“A novel of complex motivations that will test readers’ capacity for empathy, Good Me Bad Me is already a strong contender for debut of the year.”

NO MAJOR SPOILERS

Ali Land’s debut is a chilling and interesting treatment of the subject: what happens to the children of psychotic criminals?

Annie is the abused daughter of a serial killer mother. A killer whose targets were innocent children.

The book opens with Annie turning her mother in to the cops, when things have gone beyond bearable. She tells a detective everything – well, almost everything – of the horrific things her mother has been doing over the last few years. They assure her to go back home and behave normally, and they will come at night to make their arrest.
They do.
Her life changes in one night.

Annie becomes Milly and put into the care of foster parents, Mike (a psychologist) and Saskia Newmont. They have a daughter, Phoebe, of the same age as Milly. And finally, Milly feels she can belong, or can she?

Phoebe hates Milly and bullies her to no extent. The terrorising at school gets worse with each passing day. Soon, Milly also begins to see the cracks in the “perfect” Newmont family. All the stress adds to her already fragile mind. She regularly hallucinates about her mother and is unable to sleep at night.
The only saving grace in school is Ms Kemp, her guidance teacher and Morgan, a friend outside school, who also has some equally dark secrets.

As her mother’s trial looms, and Milly is being prepared to get on the witness stand, to testify against her own mother; she cannot help but feel a sharp sense of foreboding.
Her mother will be vindicated – but what will happen to her?
Will she continue living with the Newmonts?

The writing is unique and compellingly different, short and sharp sentences where every punctuated word packs a punch. Disturbing, chilling and haunting. Nothing very detailed, most left unsaid, yet the simplicity of the description conjures up a thousand pictures of a brutal and horrific childhood. The imagination runs rampant, as you crave for more.

The author brings into focus human conditioning through violence and pain. Your empathy will be questioned as you try to lend support to a girl’s fight against the emotional grip from the only parent she has. A mother’s love which disregards everything good, decent and loving.

Milly’s voice will shock you, it’ll frighten you, and it’ll break your heart. It’s a voice that reflects every second of the minute of the hour of the day of the week of the year that she’s spent being frightened and forced to play a part in her Mum’s terrorising ways.
Milly’s voice is questioning, conflicted and separated into good and bad; her own words.
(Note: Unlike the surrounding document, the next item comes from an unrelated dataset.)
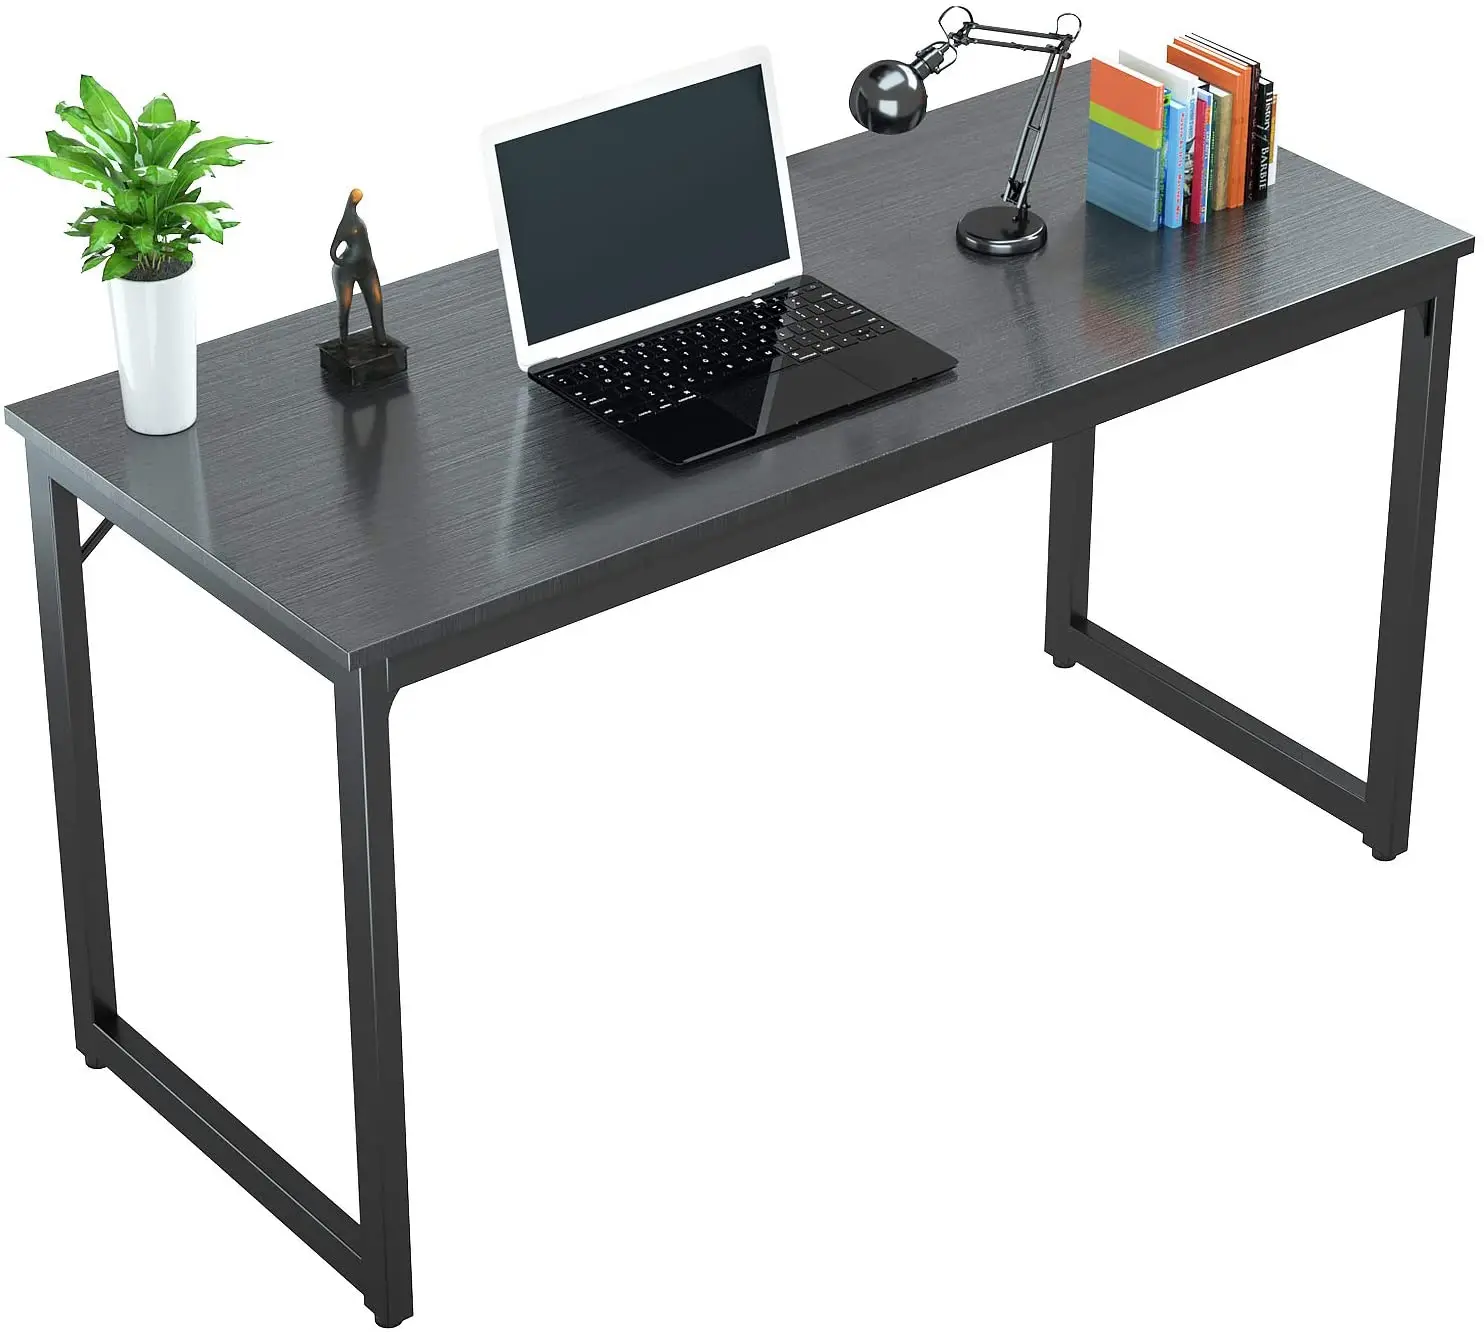 Sengo Home Office Desk Computer Desk Work Table Study Writing Table Workstation Desk Gaming Desk for Home Office Furniture 47“, Brown

Trying to be different to everything she’s known. Trying to desperately find normality in a world in which she feels lost, lonely and isolated. Trying to grasp at any human decency and contact she possibly can.
Is everything as it seems?
Can everything turn out the way she wanted?

A brilliant debut!
And oh that cover!! Super ❤️
The only reason it’s 4/5 for me, was because I could predict the ending.